2. After hearing both sides, I find that the issue stands decided by the Larger Bench of this Tribunal reported in S. Kumar Ltd v. CCE as also in the case of Grasim Industries (Chemical Division) Ltd v. CCE, Bhopal . The appellants at the time of hearing, as also in the written submissions, have submitted that the aforesaid decisions of the Larger Bench solely relied upon the Tribunal's decision in the case of Sangam Processors (Bhilwara) Ltd on the ground that the civil appeals filed against them were dismissed by the Hon'ble Supreme Court. The appellants have contended that dismissal of civil appeal by the Hon'ble Supreme Court in limine cannot be deemed to have the effect of upholding the order of the Tribunal and as such binding precedent. Having regard to the Supreme Court's decision in the case of CCE, Ahmedabad v. Ramesh Food Products 2005 (66) RLT 4 (SC) in support of their arguments that dismissal of appeal at preliminary stage of hearing by the Hon'ble Supreme Court cannot be held to be affirmation of view of the Tribunal.

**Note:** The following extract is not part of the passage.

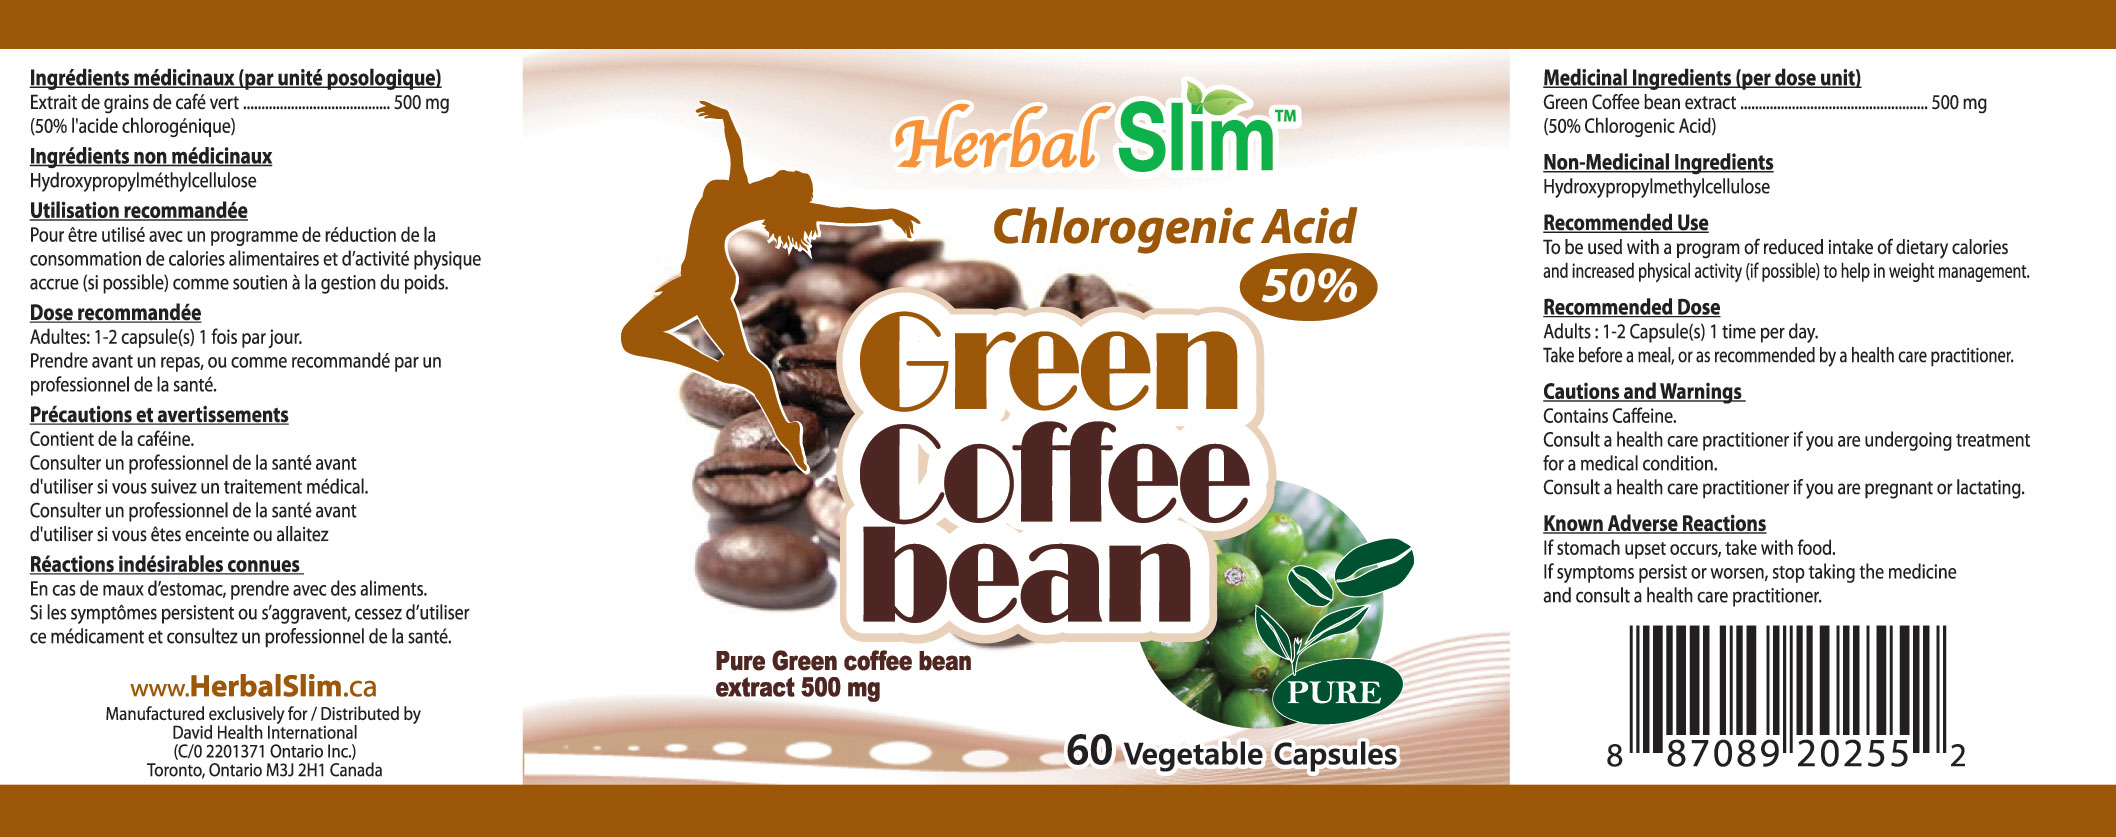 HerbalSlim GREEN COFFEE BEAN (50% CHLOROGENIC ACID)

As such, the appellants have contended that the law declared by the Larger Bench is not correct. They have also contended that the Tribunal's decision in the case of Addison & Co v. CCE, Madras 1997 (20) ELT 479 (T) holding that once duty burden is passed on, issue of subsequent credit notes is immaterial, was reversed by the Hon'ble Madras High Court as while answering 3. However, I find that the Larger Bench, while deciding the issue in the case of S. Kumar Ltd, has taken note of the fact that the Tribunal's decision in the case of Addison & Co was reversed by the Hon'ble Madras High Court. However, by taking note of the fact that the appeal against the decision of the Tribunal in the case of Sangam Processors (Bhilwara) Ltd was not admitted by the Hon'ble Supreme Court and by taking note of the other decisions and holding that such dismissal is of binding character, the Larger Bench held against the assessee. I find no reasons to take a different view on the same grounds. It is also seen that the Larger Bench in S. Kumars Ltd and Grasim Industries Ltd were followed by the Tribunal in the case of Hindustan Processors Ltd vide Order No 794/04/NB (C) dated 25.11.2004.

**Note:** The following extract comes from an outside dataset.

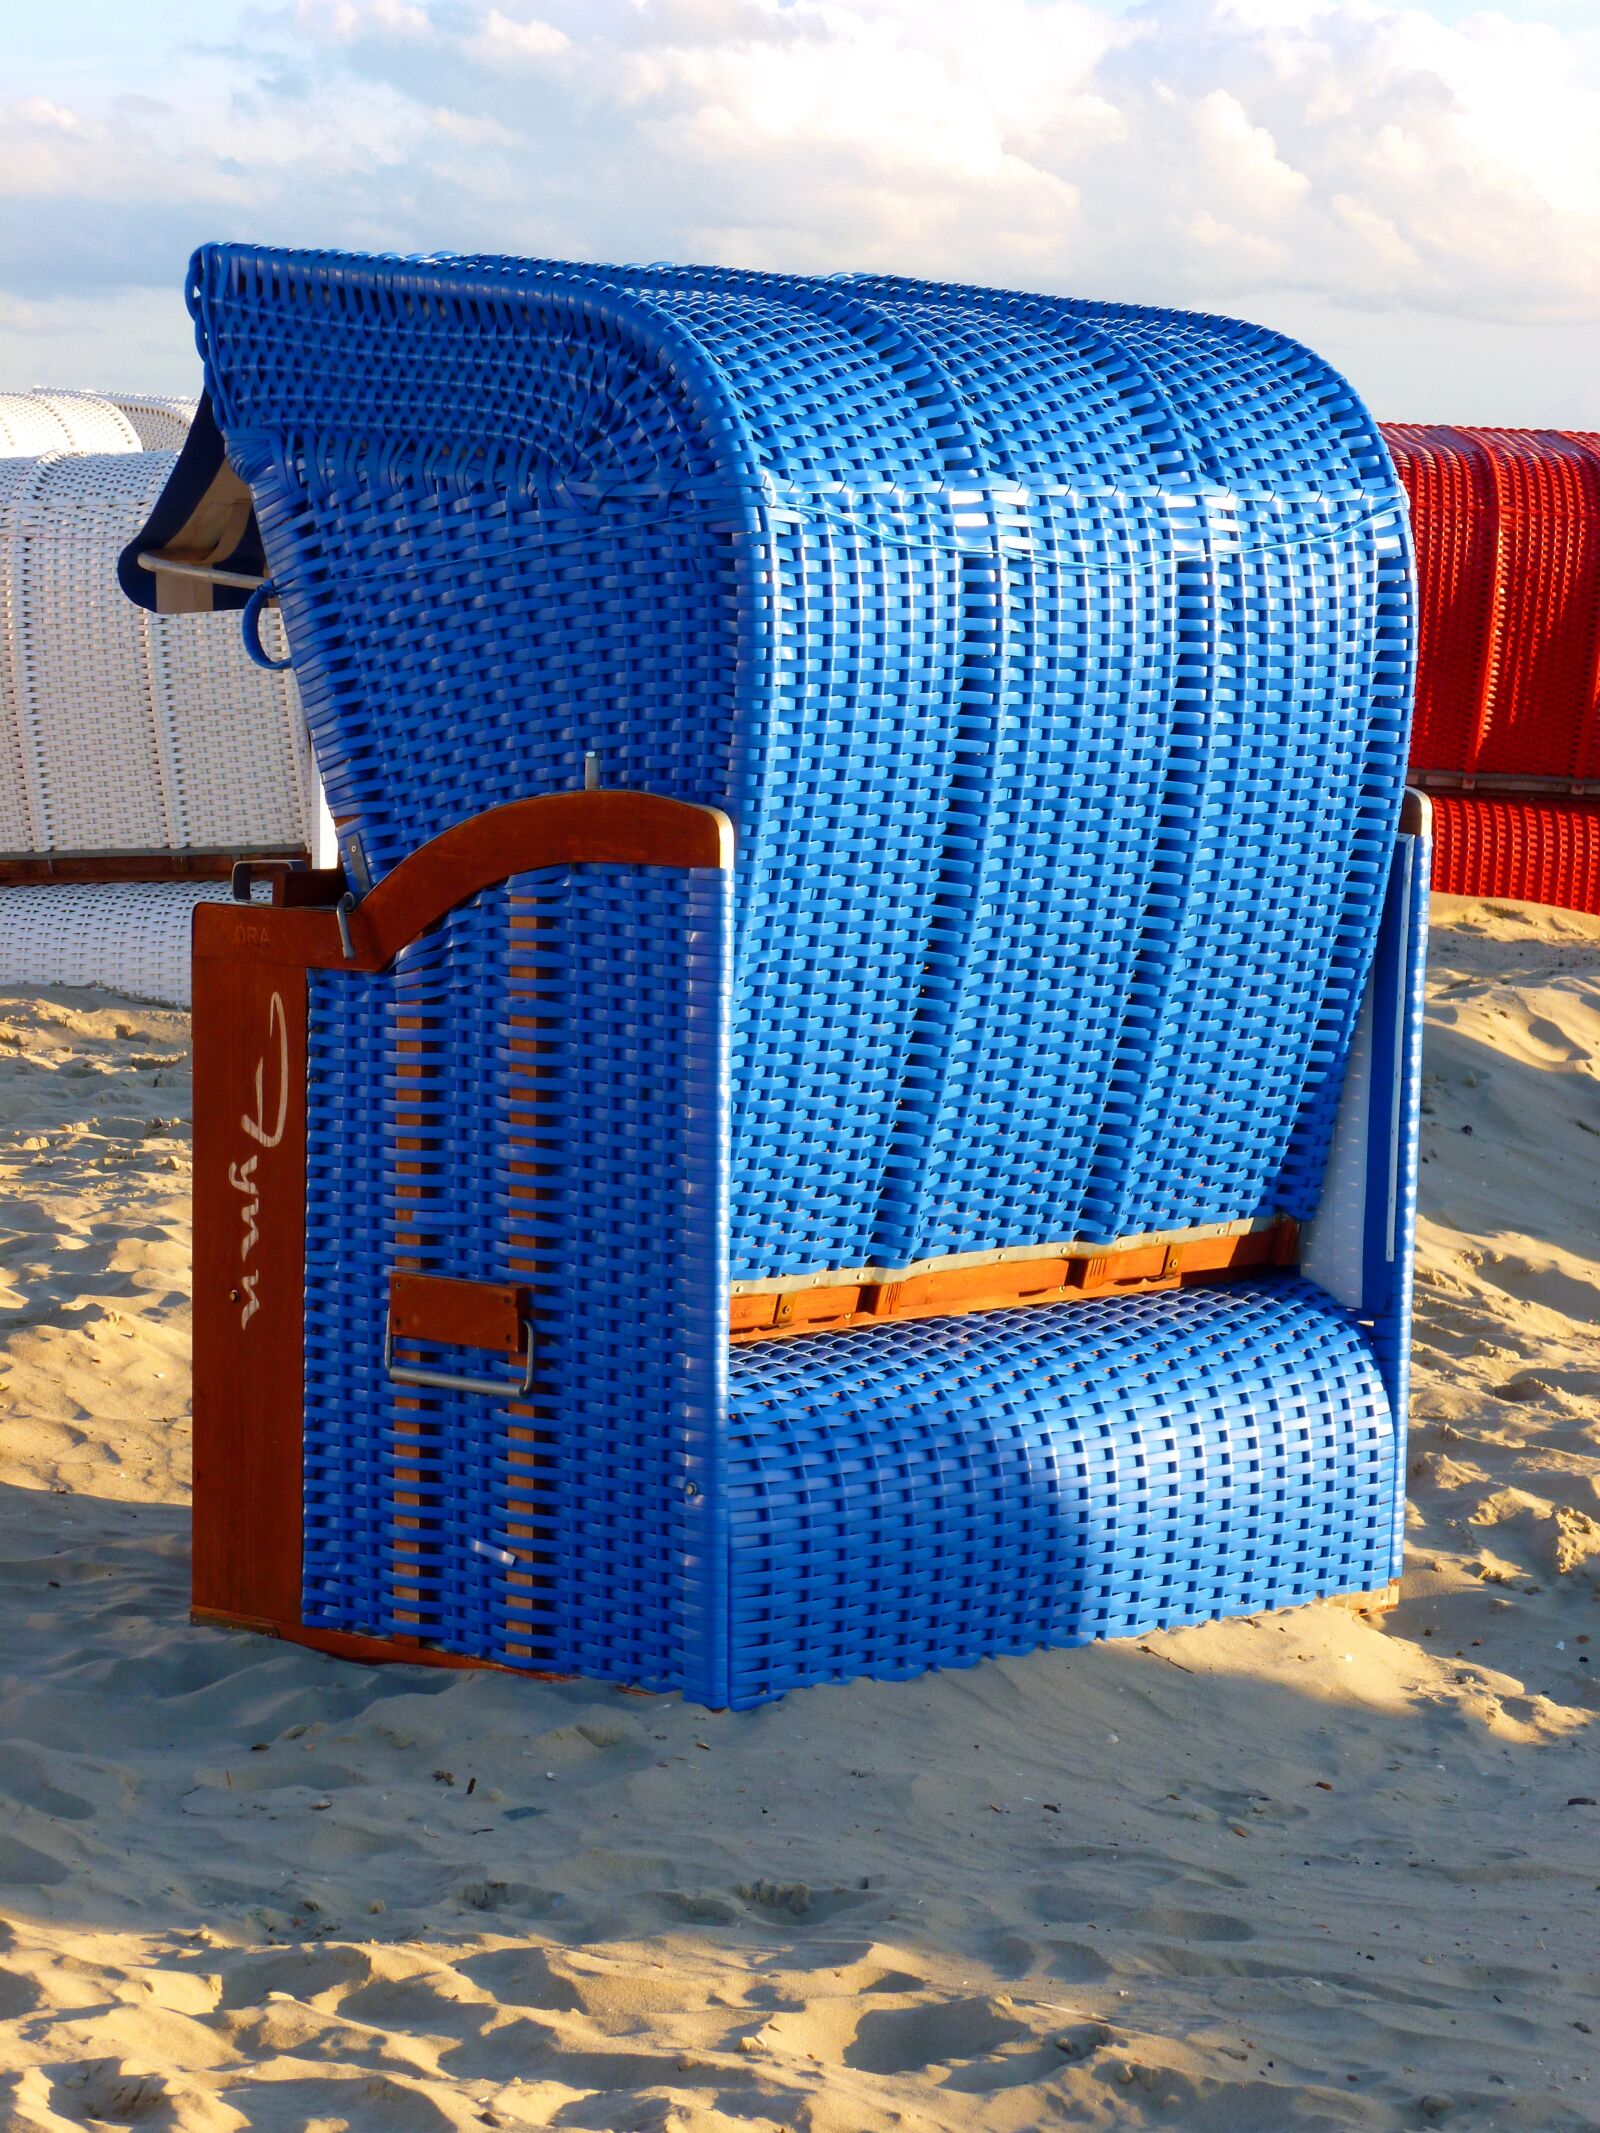 Panasonic DMC-FS37 sample photo. Beach chair, beach, sand photography

Appeal against the above order filed by Hindustan Processors Ltd was dismissed by the Hon'ble Supreme Court with the order that - "we see no reason to interfere. The Special Leave Petition is dismissed." As such, following the Larger Bench decision, I am of the view that subsequent issuance of credit note cannot be said to be sufficient for not attracting the provisions of unjust enrichment.

4. The appellant's reference to Order No A08-09/IV/SMC/WZB/06 dated 31.10.2005 in their own case to submit that the Tribunal has held in identical circumstances that unjust enrichment is not applicable, is not correct, inasmuch as on going through the said order, I find in para 2 that the Tribunal has observed "However, the barrier of unjust enrichment rebuttal presumption has to be crossed by the assessee." As such, it is not correct on the part of the assessee to say that the Tribunal has held that bar of unjust enrichment is not applicable in their own case under similar circumstances. Further, in the present case, the appellant has nowhere pleaded that they are in a position to rebut the presumption of duty burden having been passed on to their customers. Admittedly, the same was passed on at the time of clearance of the goods, and that is how the credit note came to be issued by them subsequently in which case the ratio of the Larger Bench decision would apply.

5. In view of the foregoing, I reject all the appeals and uphold the impugned order.